7. Intellectual Property

  • All intellectual property rights related to the Service remain exclusively owned by Purple.
  • The Reseller receives a limited, non-transferable license to market and administer the Service solely for End Customers under this Agreement.
  • The Reseller shall promptly notify Purple of any infringement or suspected infringement of Purple’s intellectual property rights.

8. Data Protection

  • Compliance with Data Laws: The Reseller must comply with all applicable data protection laws, including GDPR, CCPA, and any other relevant regulations.
  • Processing and Protection:
    • The Reseller acts as a processor for any customer data obtained through the Service and must ensure secure handling in compliance with applicable laws. Purple reserves the right to audit the Reseller’s compliance with this Agreement, including data protection measures, upon reasonable notice. The Reseller shall not subcontract any of its obligations under this Agreement without the prior written consent of Purple.
    • Purple retains the right to audit the Reseller’s data protection measures if required to ensure compliance.
  • Subprocessors: The Reseller must ensure that any third-party subprocessors comply with equivalent data protection obligations.

9. Payment Terms

  • Payments for Service Licenses are due within 30 days of the invoice date unless otherwise agreed in writing.
  • Fees are exclusive of VAT or applicable taxes, which the Reseller is responsible for paying.
  • Purple reserves the right to suspend Service Licenses for non-payment.

10. Termination

This Agreement may be terminated:

  1. By Either Party: With 30 days’ written notice. If neither Party provides notice, the Agreement will automatically renew for successive one-year terms.
  2. Force Majeure: Neither Party shall be liable for any failure or delay in performing its obligations under this Agreement due to events beyond its reasonable control, including but not limited to acts of God, natural disasters, pandemics, or government actions.*
  3. For Cause: Immediately, if either Party:
    • Breaches the terms of this Agreement and fails to remedy the breach within 14 days.
    • Becomes insolvent or ceases business operations.
  4. By Purple: If the Reseller engages in activity that damages Purple’s reputation, breaches applicable laws, or misuses Purple’s intellectual property.
    Upon termination, all access to the Service by End Customers will cease at the end of the applicable Service License Period unless otherwise agreed.

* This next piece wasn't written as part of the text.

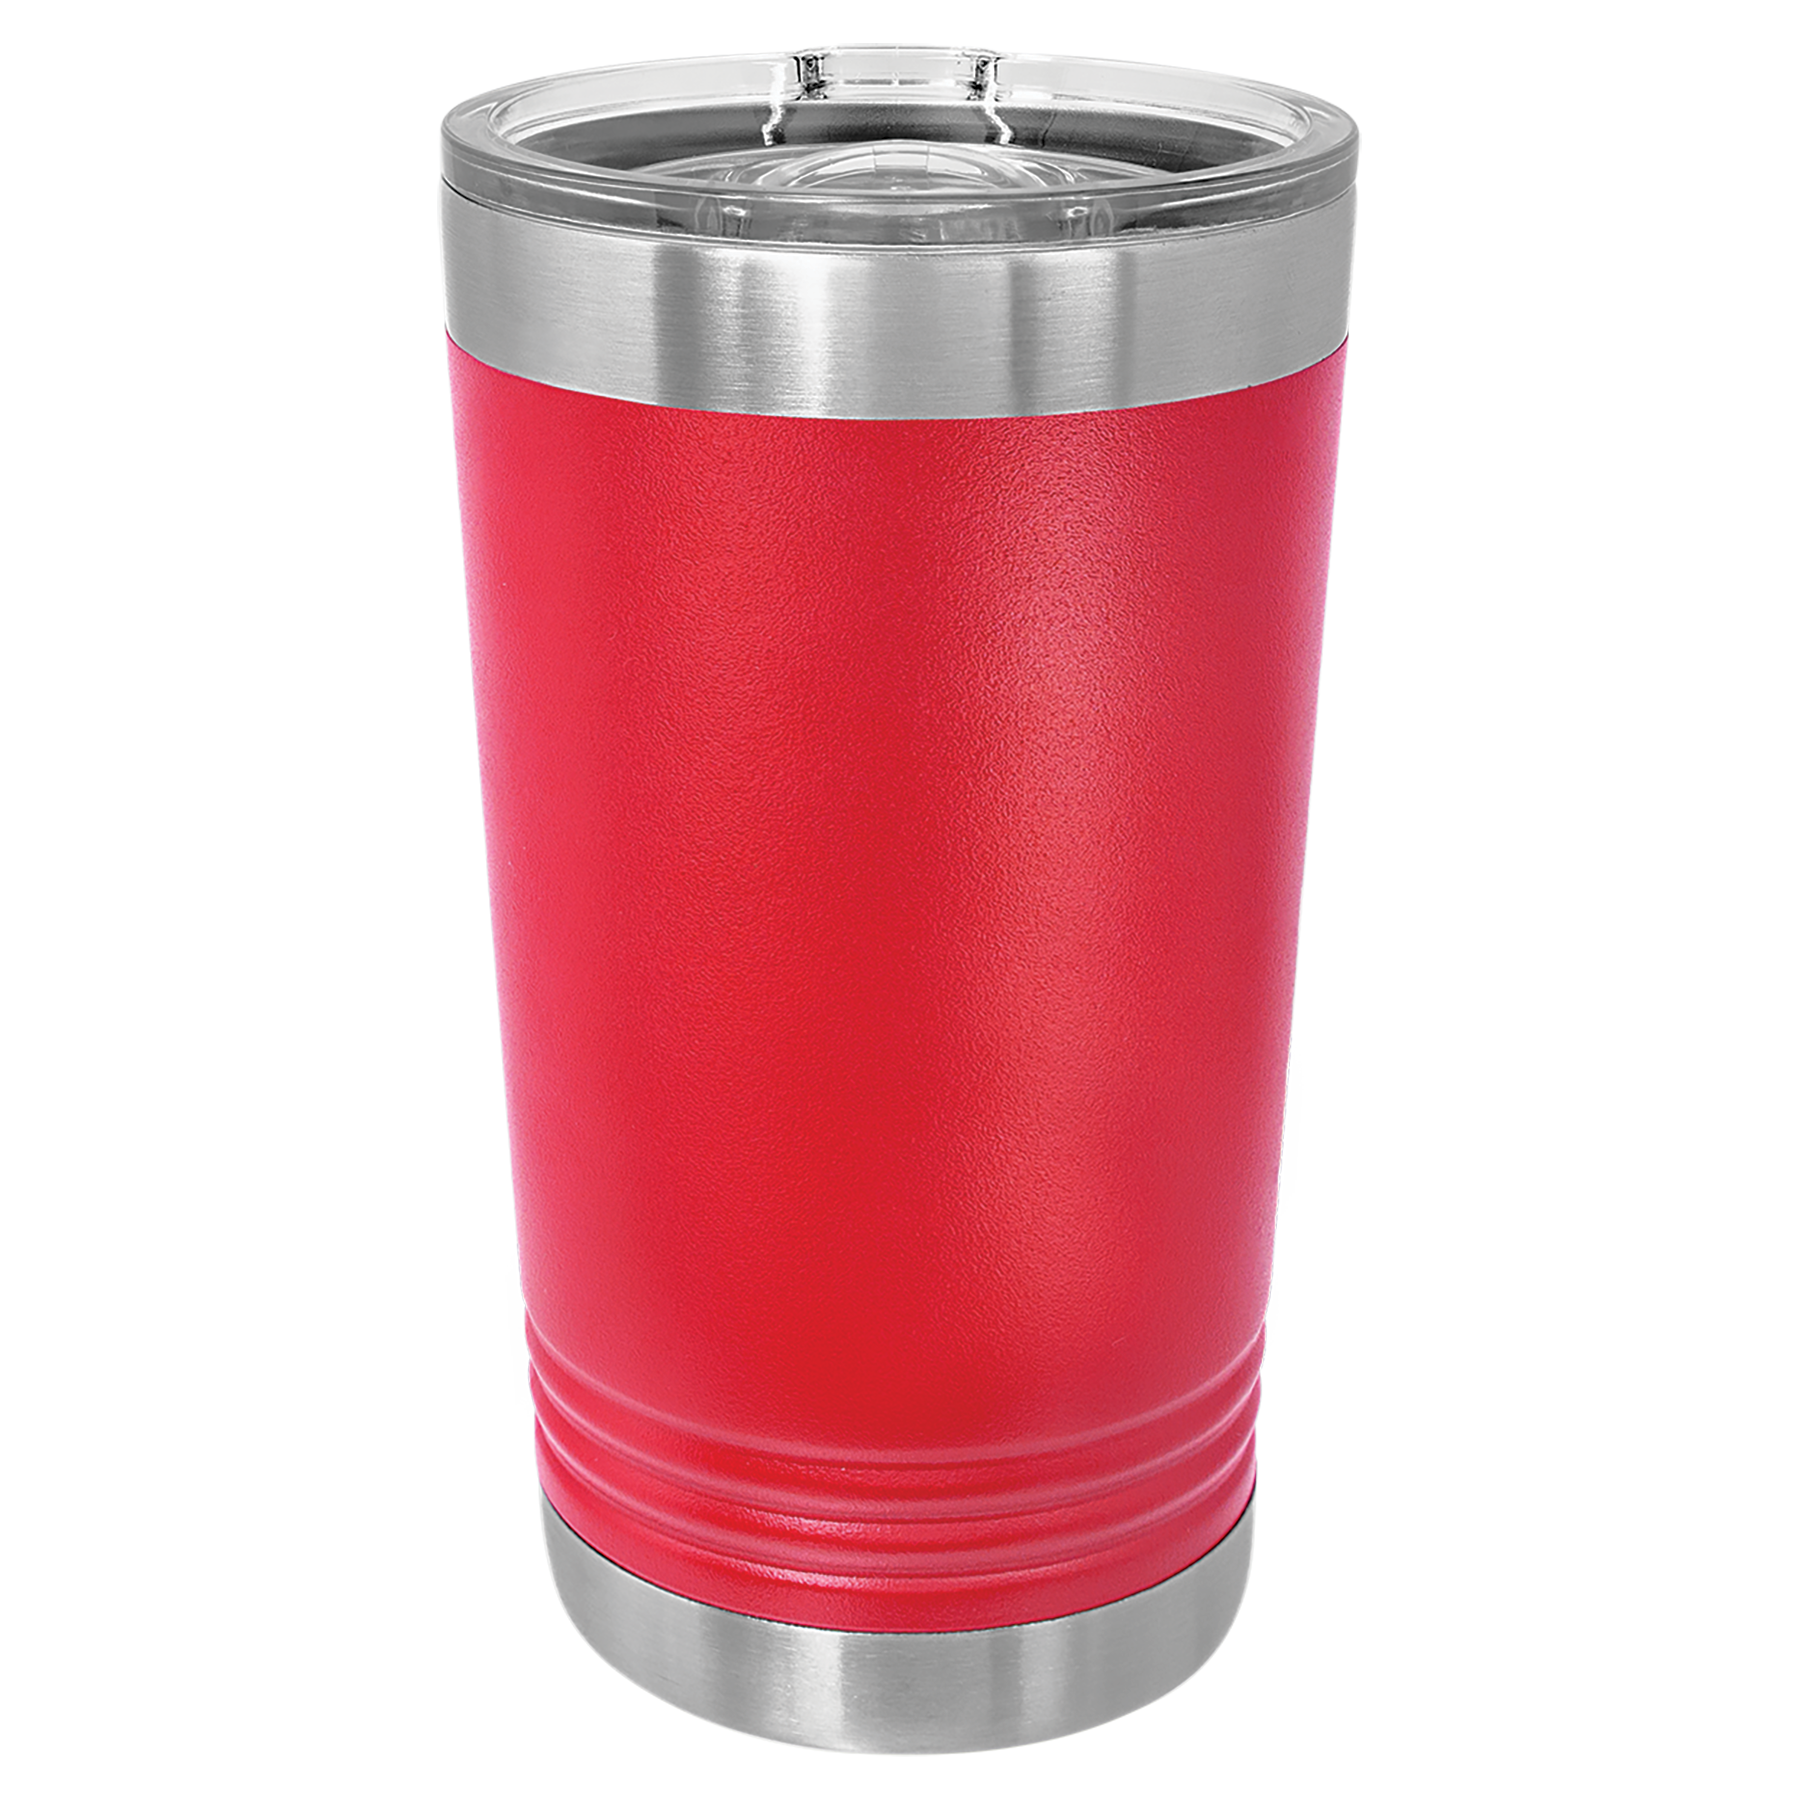 Red 16oz Pint Tumbler -One Free Engraving  -Fits most Cup Holders  -Double-wall Vacuum Insulated  -Made from 18/8 Gauge Stainless Steel (Type 304 Food Grade)  -Lid is BPA Free (Hand Wash Only)  -Not recommended for Dishwasher  -Works with Cold and Hot Drinks  -18 Color Options  -Perfect for Personalized Gifts, Awards, In

11. Liability and Indemnity

  • Liability Cap: Purple’s aggregate liability under this Agreement will not exceed the total Service License Fees paid by the Reseller in the preceding 12 months.
  • Exclusions: Neither Party is liable for indirect or consequential damages, including loss of profits or data, except in cases involving intellectual property infringement or breaches of data protection obligations.
  • Indemnification: The Reseller agrees to indemnify Purple against claims arising from the Reseller’s misuse or misrepresentation of the Service, or breaches of intellectual property and data protection obligations.

12. Confidentiality

Both Parties agree to keep all confidential information shared under this Agreement private and use it only for the purposes of fulfilling their obligations. The obligations of confidentiality shall survive for a period of 5 years following the termination of this Agreement.

13. Governing Law

This Agreement is governed by the laws of England and Wales. Any disputes will be resolved in the courts of England.

14. Additional Provisions

  • All operational and governing documents referenced in this Agreement may be updated by Purple from time to time and communicated to the Reseller.
  • Any changes to this Agreement must be made in writing and signed by both Parties.